Onshore deposits of the four phases of the Minoan eruption have been mapped on the Santorini archipelago, resulting in deposit thickness maps for all four phases4. Digitising the thickness contours results in bulk volumes of 0.28 km³ for the first phase, 0.34 km³ for the second phase, 0.45 km³ for the third phase, 0.36 km³ for the fourth phase, and a total bulk volume of 1.43 km³. Minoan ignimbrites deposited offshore are considered to consist primarily of material produced during Phase 4, as deposits from the earlier phases thin-out towards Santorini’s coastline. Onshore ignimbrites from Phase 4 have a lithics content lcwt of 40–50 wt%, which is equivalent to a lithics volume content lcvol of 13–26 vol%, assuming that the lithics-reduced ignimbrite matrix of Phase 4 material consists of pumice (>2 mm) with an average vesicularity of ~78% (refs. 7,23). This defines the maximum lithics-reduced ignimbrite matrix porosity Φmatrix for the marine ignimbrites. Our marine sediment core analysis of the co-ignimbrite tephra fall indicates an ignimbrite matrix porosity Φmatrix of ~65% showing no lithics (Fig. 1a), which defines the minimum lithics-reduced ignimbrite matrix porosity for the marine ignimbrites. Assuming that the marine deposited ignimbrites were deposited by Phase 4 pyroclastic flows, and assuming a lithics volume content lcvol of 13–26% (previous estimates24 suggested 8–20%), reduces the bulk porosity (Φbulk = Φmatrix*(1 − lcvol)) for the marine ignimbrites to 48–68%. This results in a total DRE-volume of 6.3 ± 1.8 km³ and a lithics-reduced DRE-volume of 5.2 ± 1.9 km³ for the marine emplaced ignimbrites, as well as a total DRE-volume of 0.5 ± 0.1 km³ and a lithics-reduced DRE-volume of 0.4 ± 0.1 km³ for the combined onshore deposits (Table 1).

Minoan caldera infill

Previous studies25,26,27 identified three seismo-stratigraphic units within the caldera (Fig. 3b). While the upper two units have been consistently interpreted as post-Minoan deposits, the lowermost Unit 3 has been interpreted as either down-faulted Minoan deposits26 or as post-Minoan deposits from the northern breach collapse27. Our new high-resolution data show that the base of Unit 3 defines the boundary between coherent stratified sediments and an incoherent, acoustic basement, and has a funnel-shaped morphology in the northern basin of the caldera (Fig. 3). Unit 3 shows no indications for internal faulting but reveals on-lapping layers that fill up the funnel-shaped depression beneath the northern basin. This depression correlates spatially with a low-velocity anomaly in Vp-tomography data that formed as a result of the Minoan eruption28, indicating that Unit 3 was deposited after the collapse and that its base represents the boundary between Minoan and post-Minoan caldera infill.

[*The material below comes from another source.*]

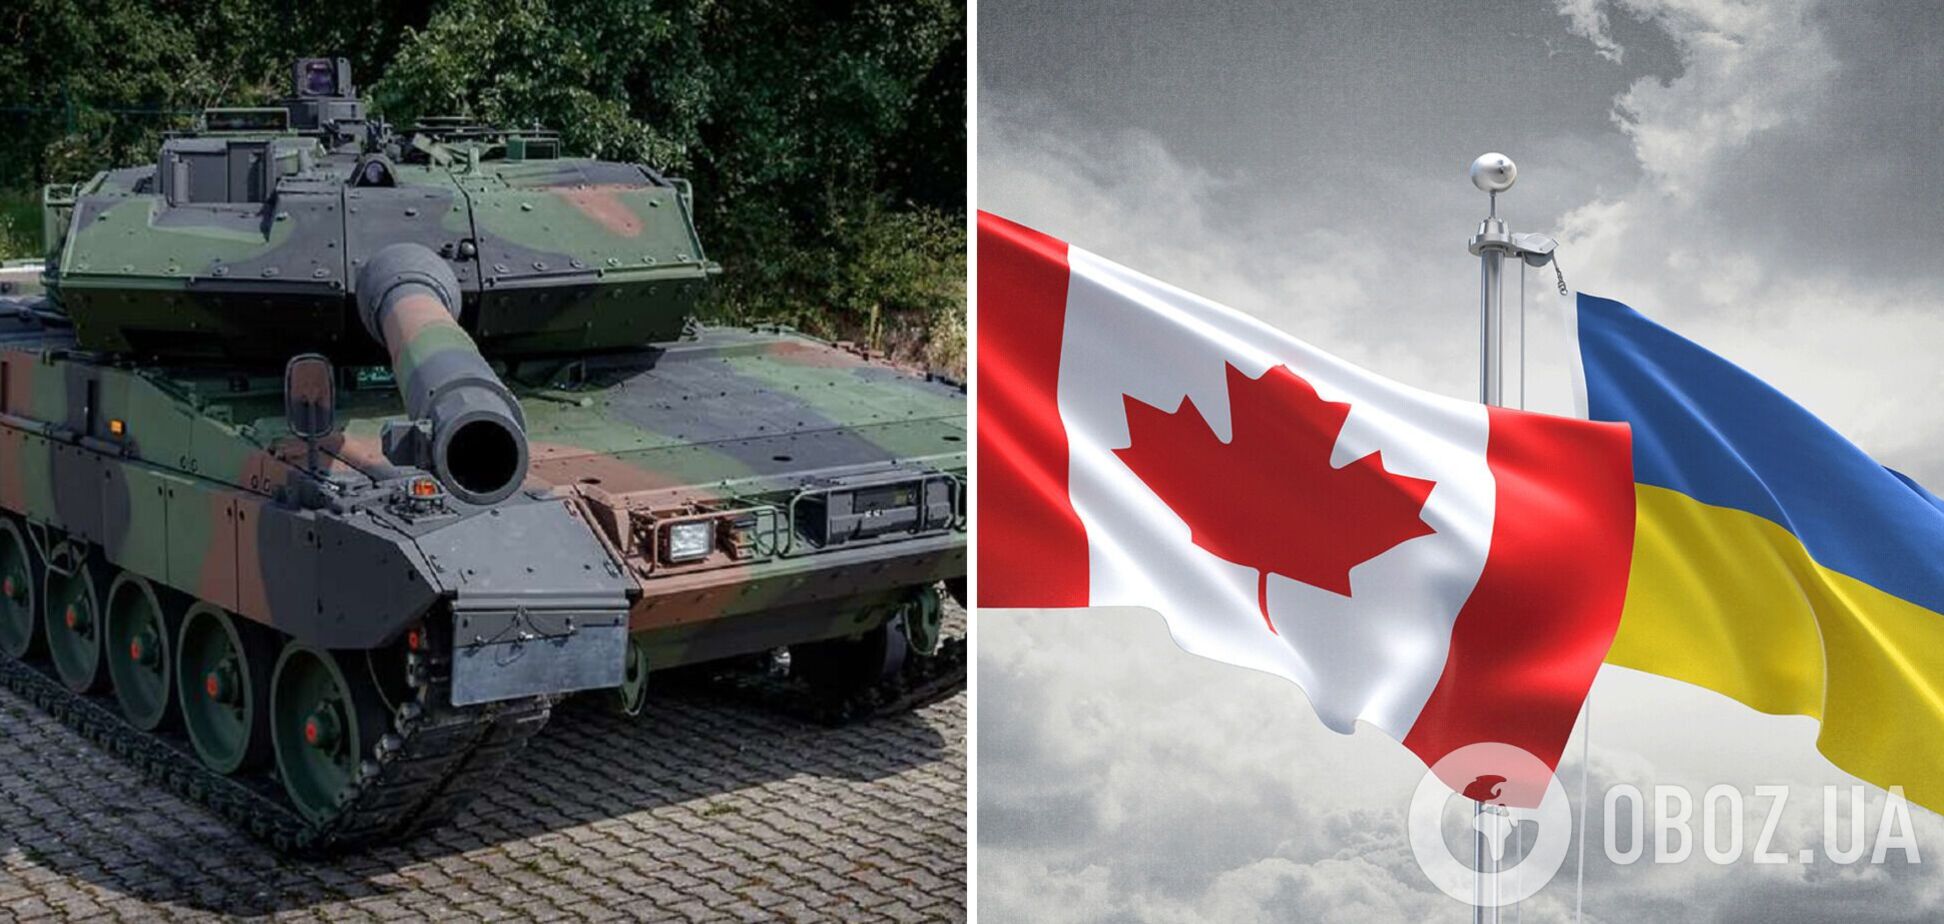 Канада готовится отправить в Украину танки Leopard, их количество пока неизвестно – Ottawa Citizen

Fig. 3: P-wave tomography and reflection seismics.
figure 3

a Seismic profile crossing the Santorini caldera through the northern breach into the northern basin, the western basin, and the south-western breach. The semi-transparent colours overlaid are from a 3D tomographic Vp model27. Dashed pink line marks the base of Unit 3, interpreted as the boundary between Minoan and post-Minoan deposits. Dotted purple line is the 3.2 km/s iso-velocity surface, interpreted as the boundary between brecciated and volcanoclastic caldera infill and denser basement. The seismic profile does not cross the centre of the low-Vp anomaly, which is located close to Nea Kameni, and thus does not show its full extent. b Enlargement showing the three post-Minoan units in the northern basin.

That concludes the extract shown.